Provided material:
=== Begin Enclosure ===

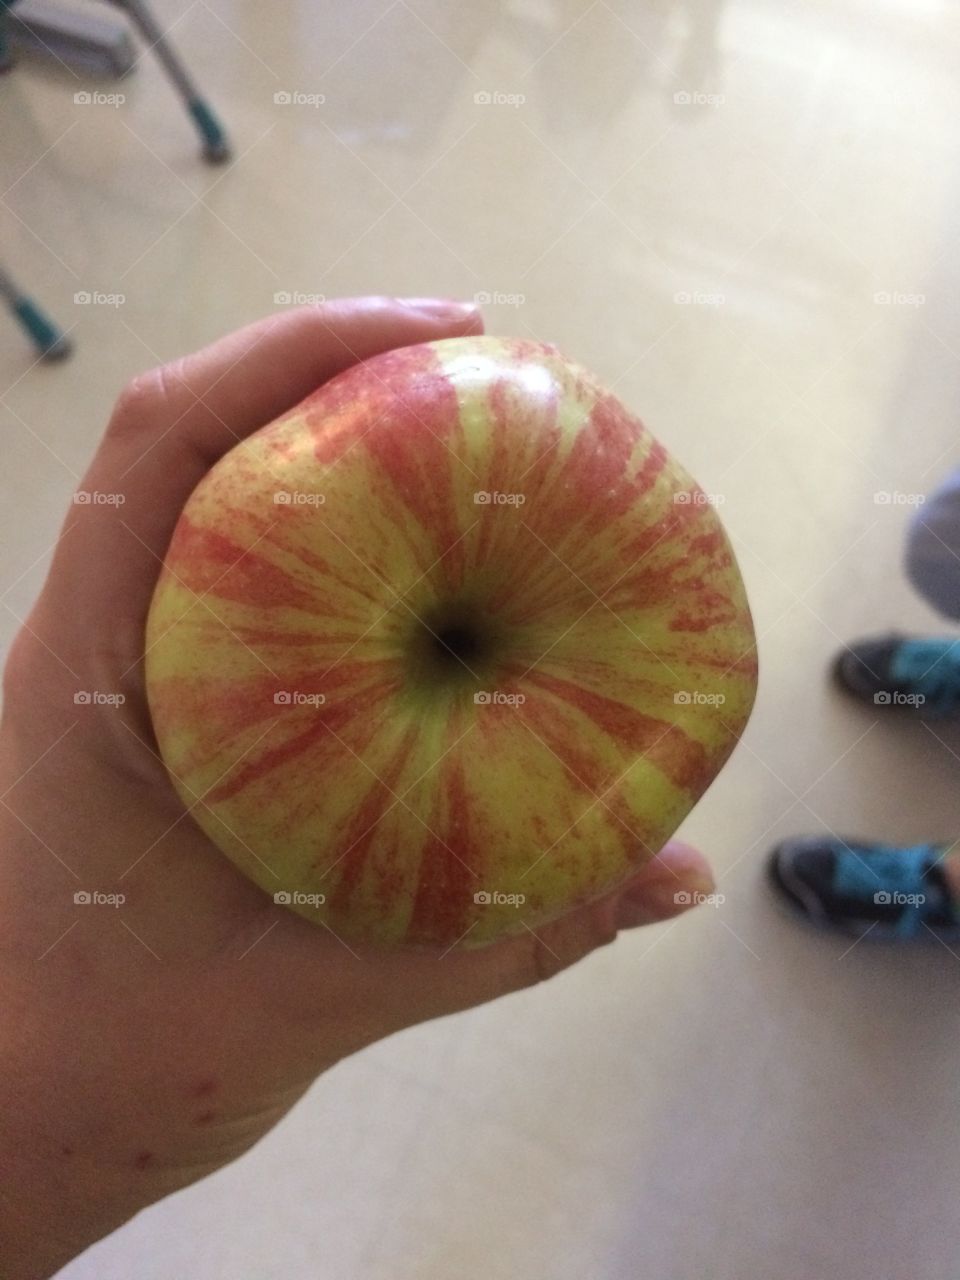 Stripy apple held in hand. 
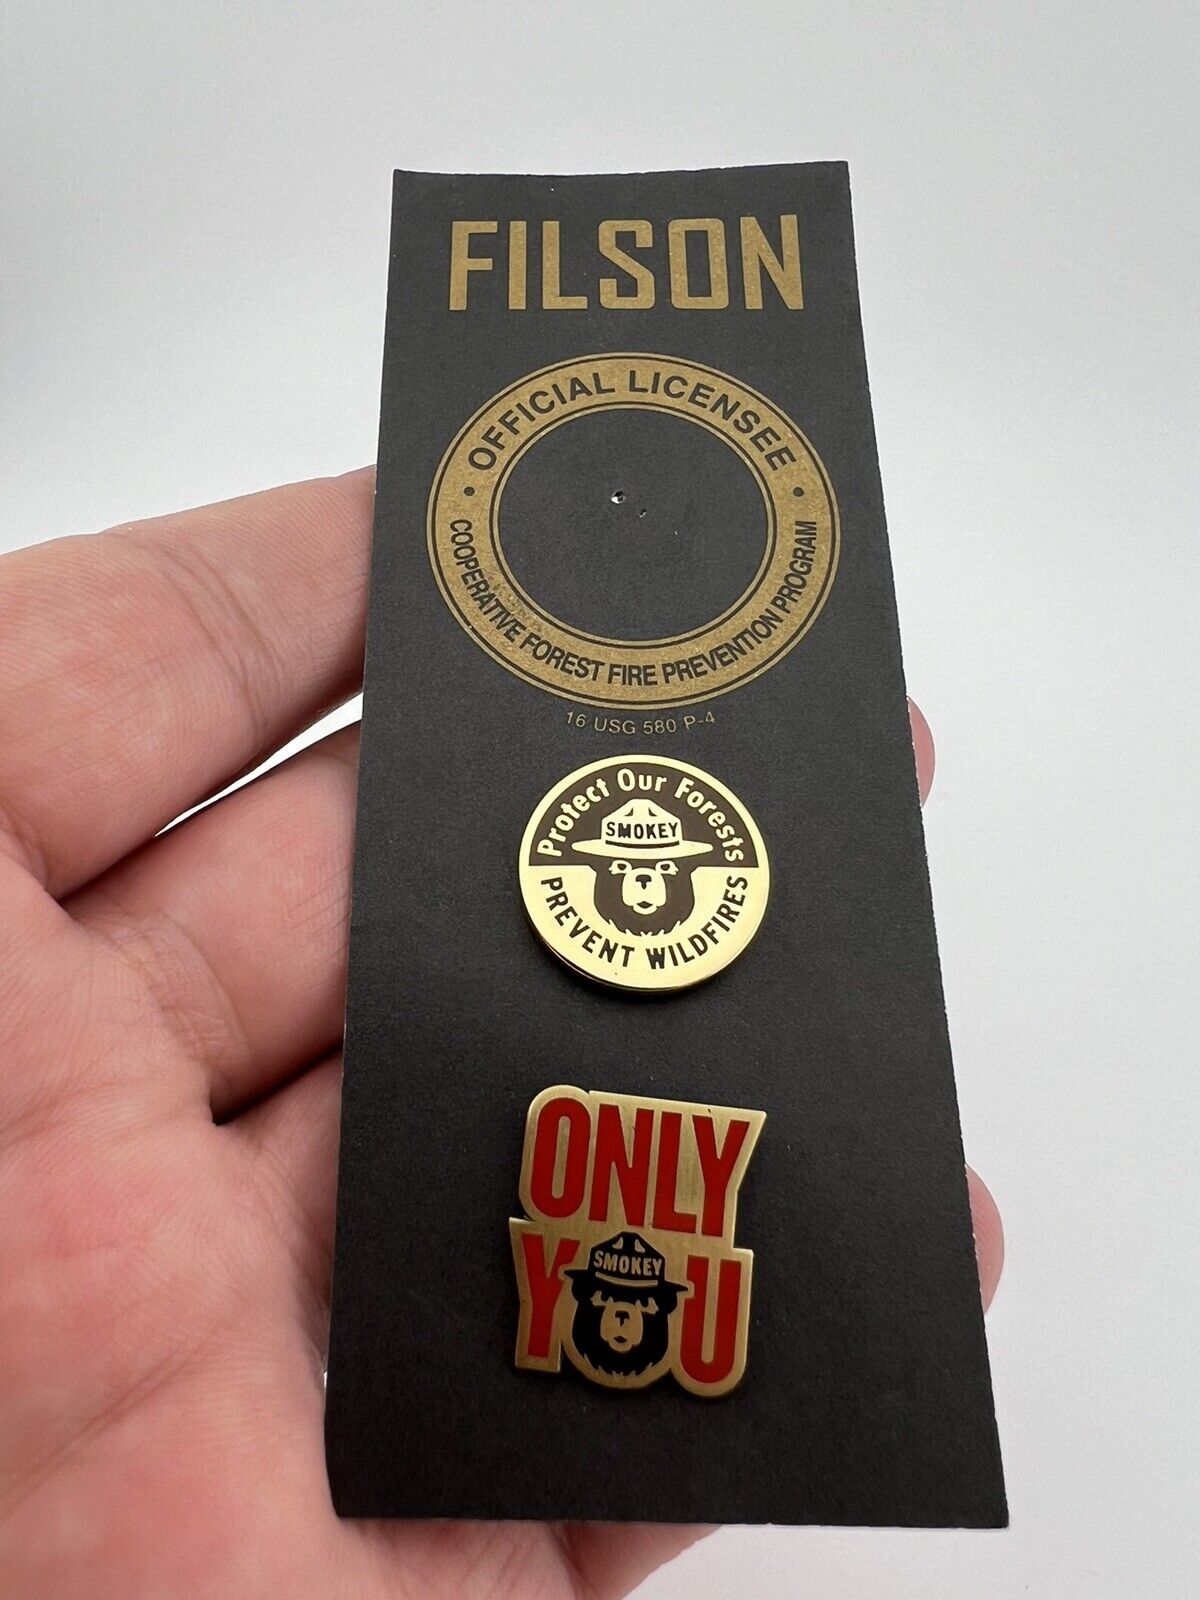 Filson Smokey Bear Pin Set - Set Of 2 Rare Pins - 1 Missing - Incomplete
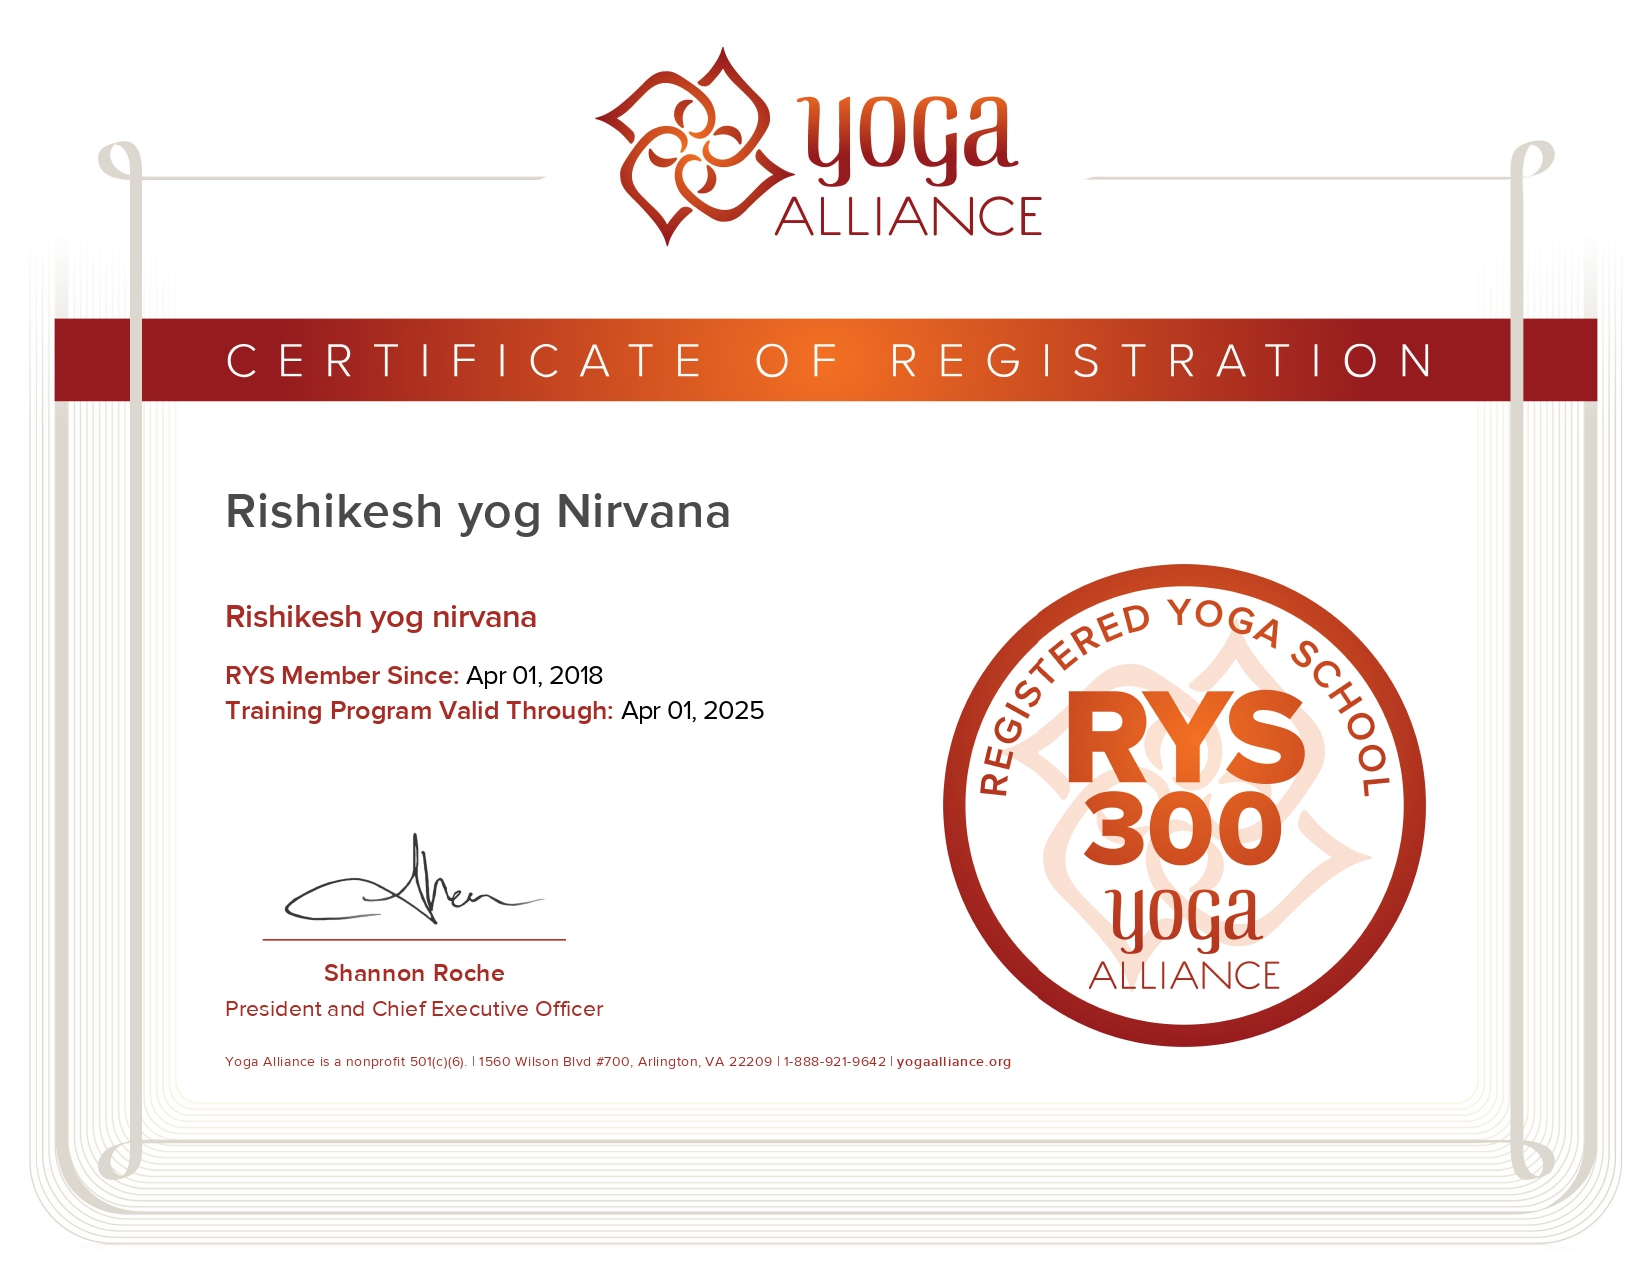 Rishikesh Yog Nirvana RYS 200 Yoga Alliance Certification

=== End Enclosure ===

Exercise aim:
Copy out the listing above exactly, and keep the pictures out of it.

Answer section:
 Stripy apple held in hand. 
 Filson Smokey Bear Pin Set - Set Of 2 Rare Pins - 1 Missing - Incomplete
 Rishikesh Yog Nirvana RYS 200 Yoga Alliance Certification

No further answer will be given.